**What is required:** A verbatim restatement of the data, free of pictures, is what you should output.

**Provided material:**
........

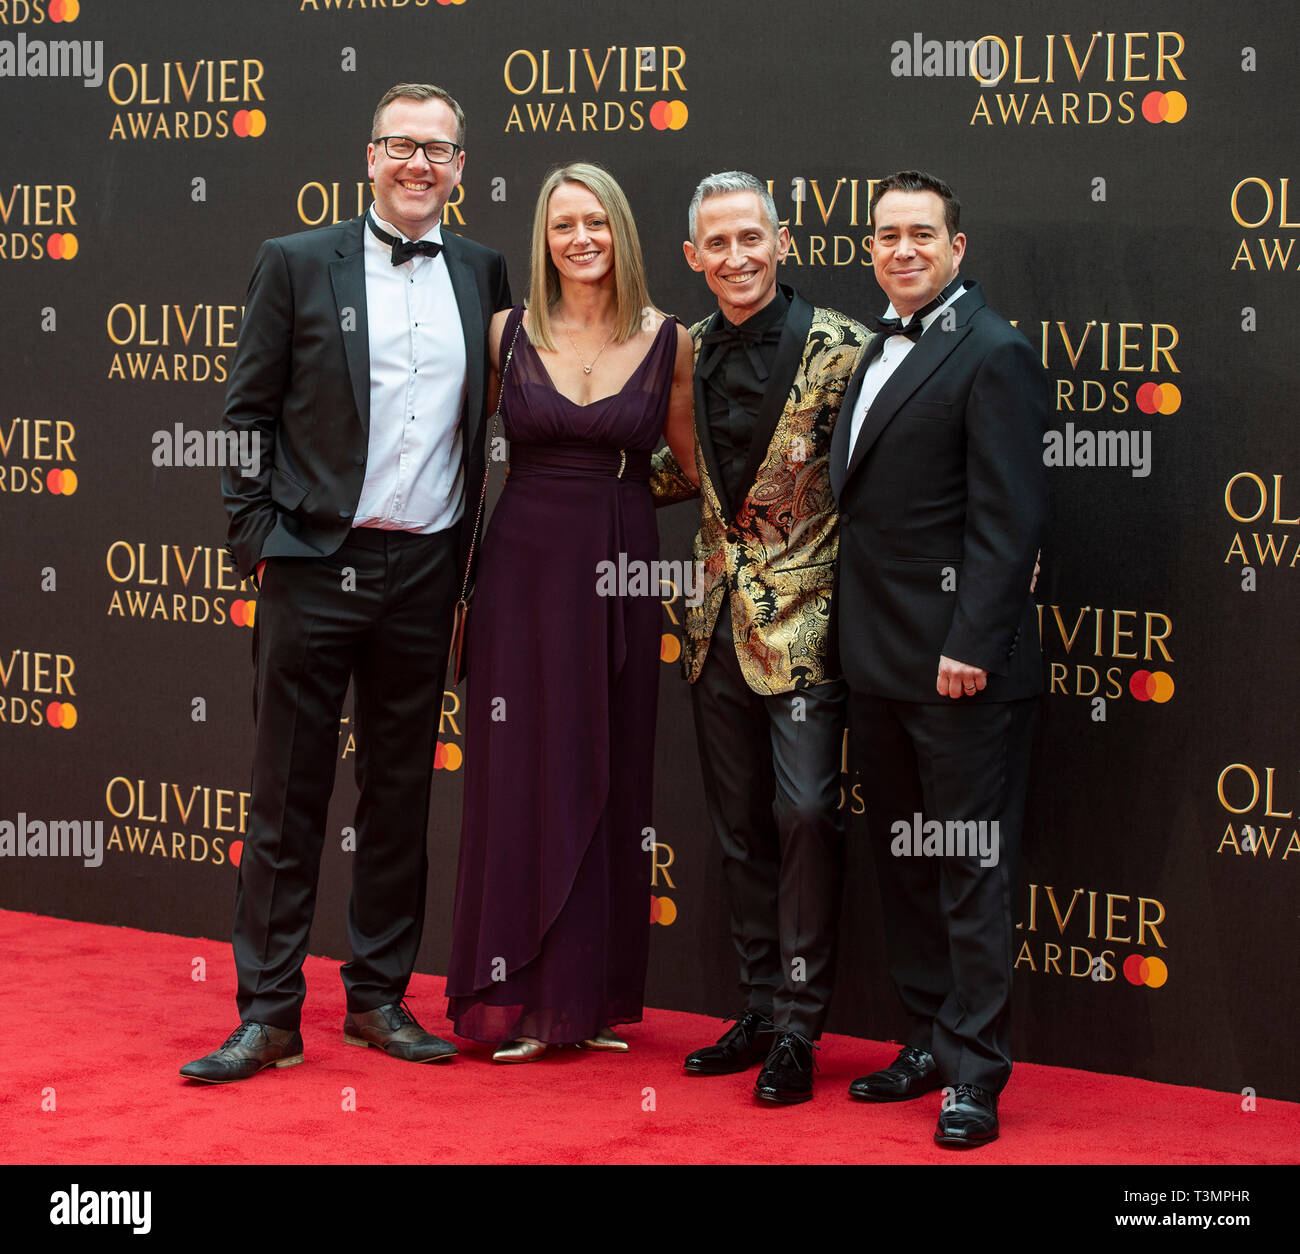 Londra, Inghilterra - aprile 07: Valutazione assiste l'Olivier Awards 2019 con Mastercard al Royal Albert Hall il 7 aprile 2019 a Londra, Inghilterra Foto Stock
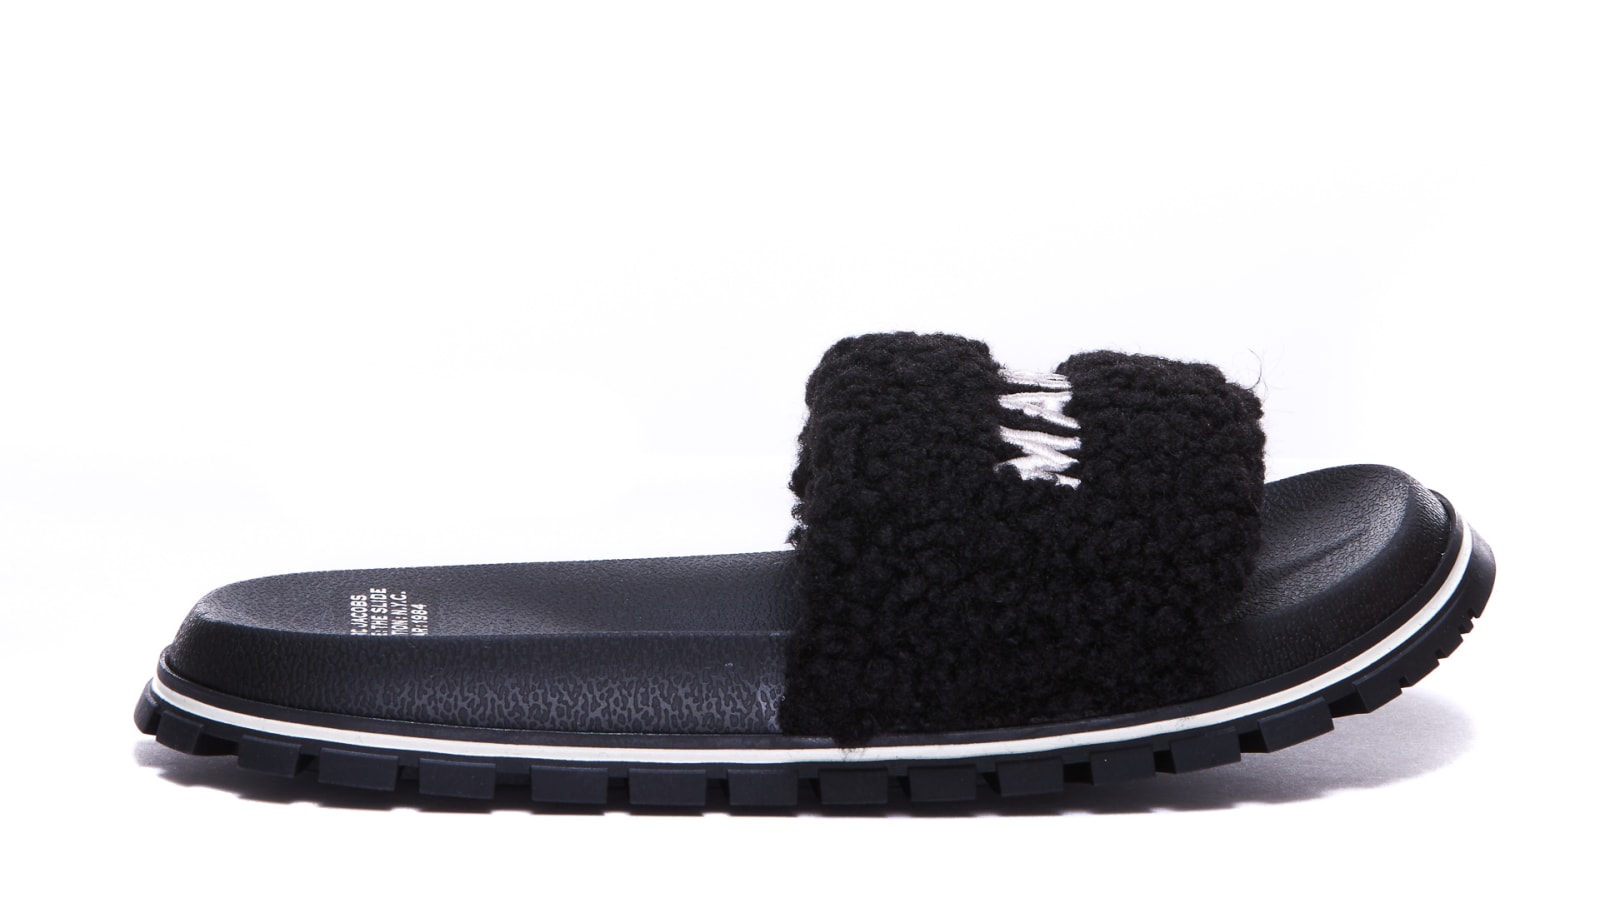 Marc Jacobs The Slide Sandals
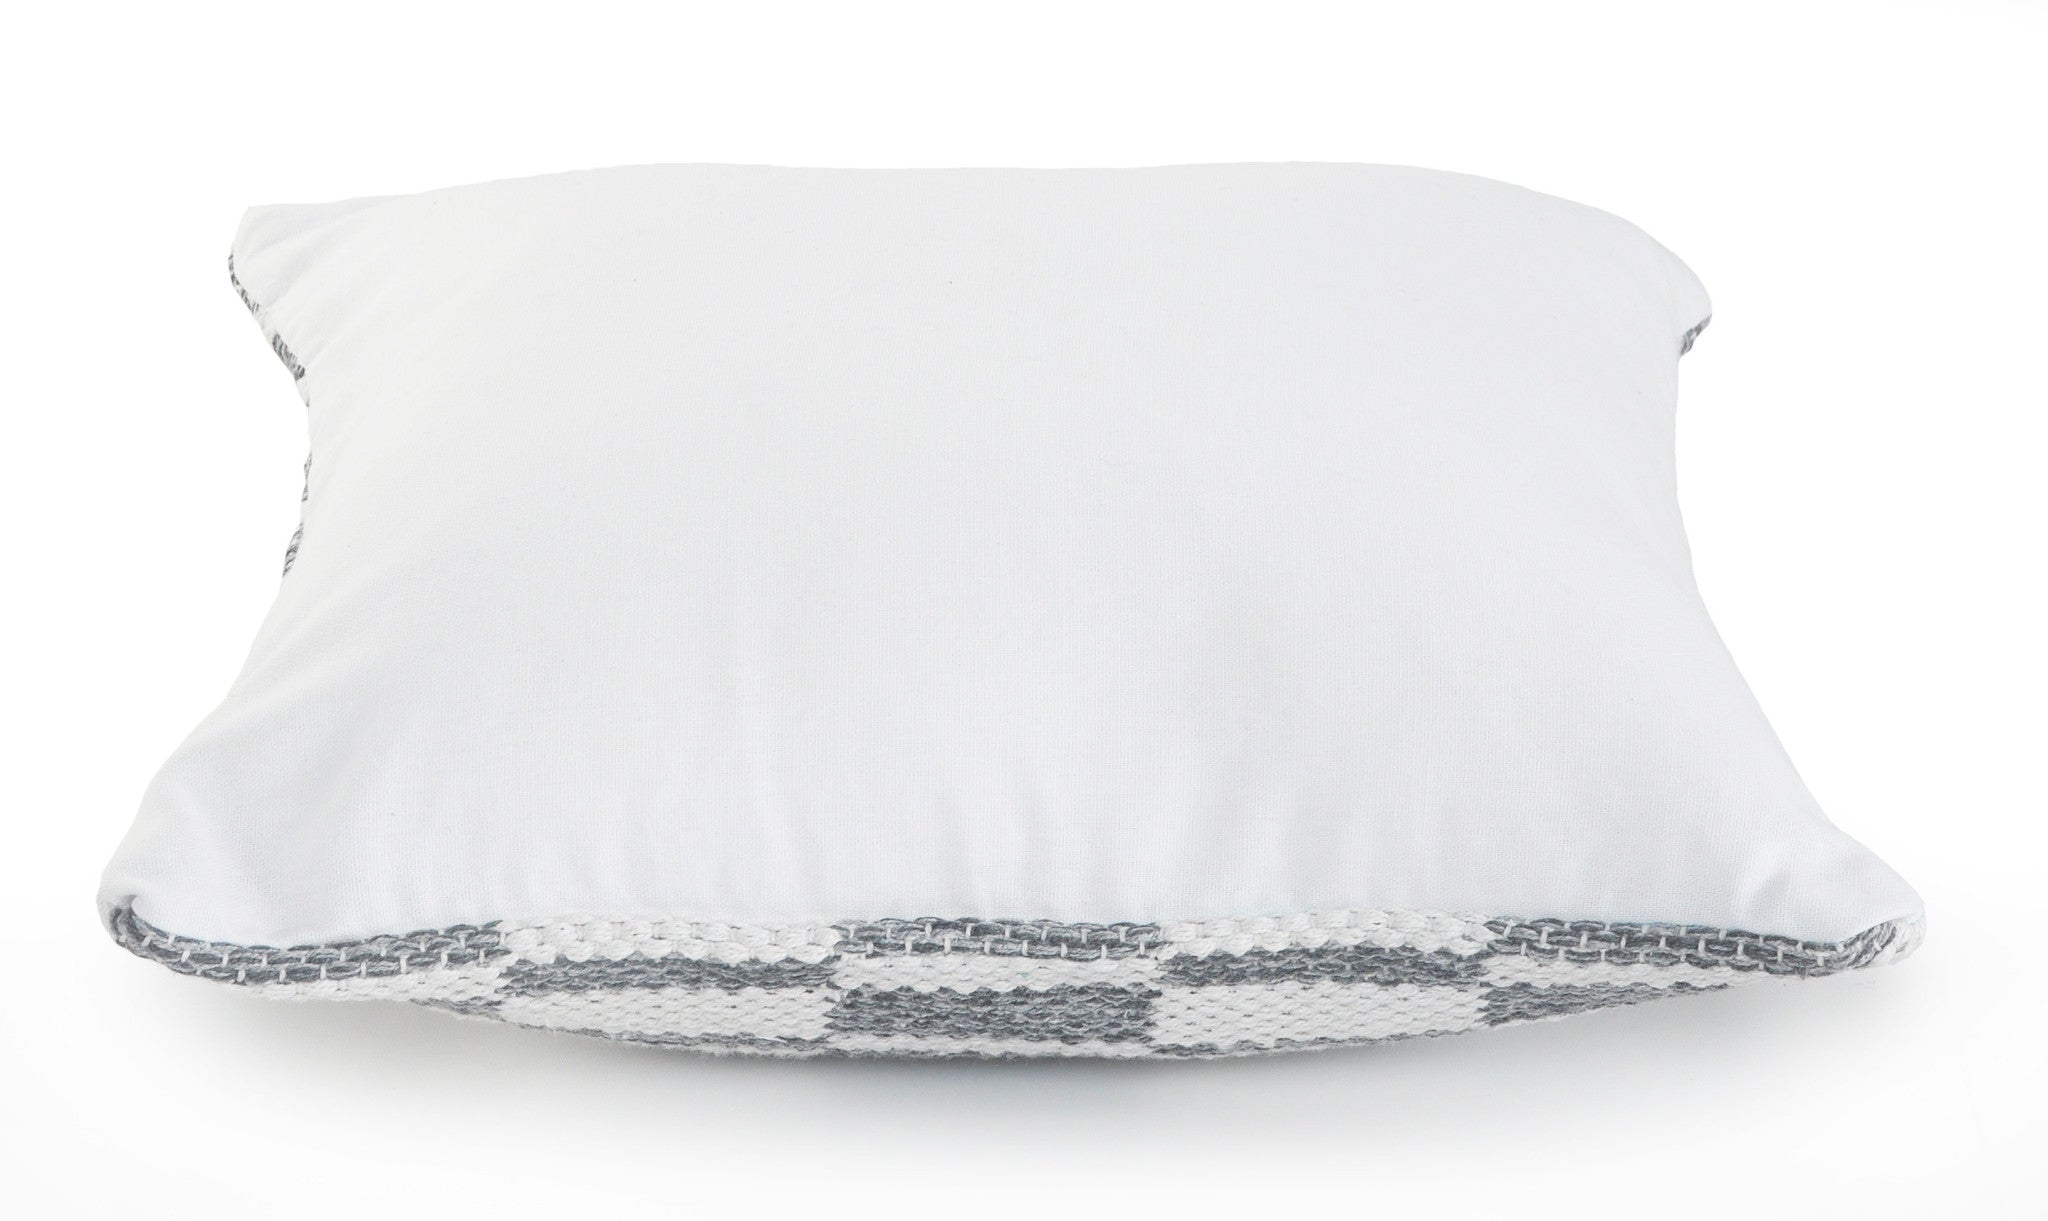 18" X 18" Gray And White 100% Cotton Geometric Zippered Pillow

........

**Task solution:**
 Londra, Inghilterra - aprile 07: Valutazione assiste l'Olivier Awards 2019 con Mastercard al Royal Albert Hall il 7 aprile 2019 a Londra, Inghilterra Foto Stock
 Marc Jacobs The Slide Sandals
 18" X 18" Gray And White 100% Cotton Geometric Zippered Pillow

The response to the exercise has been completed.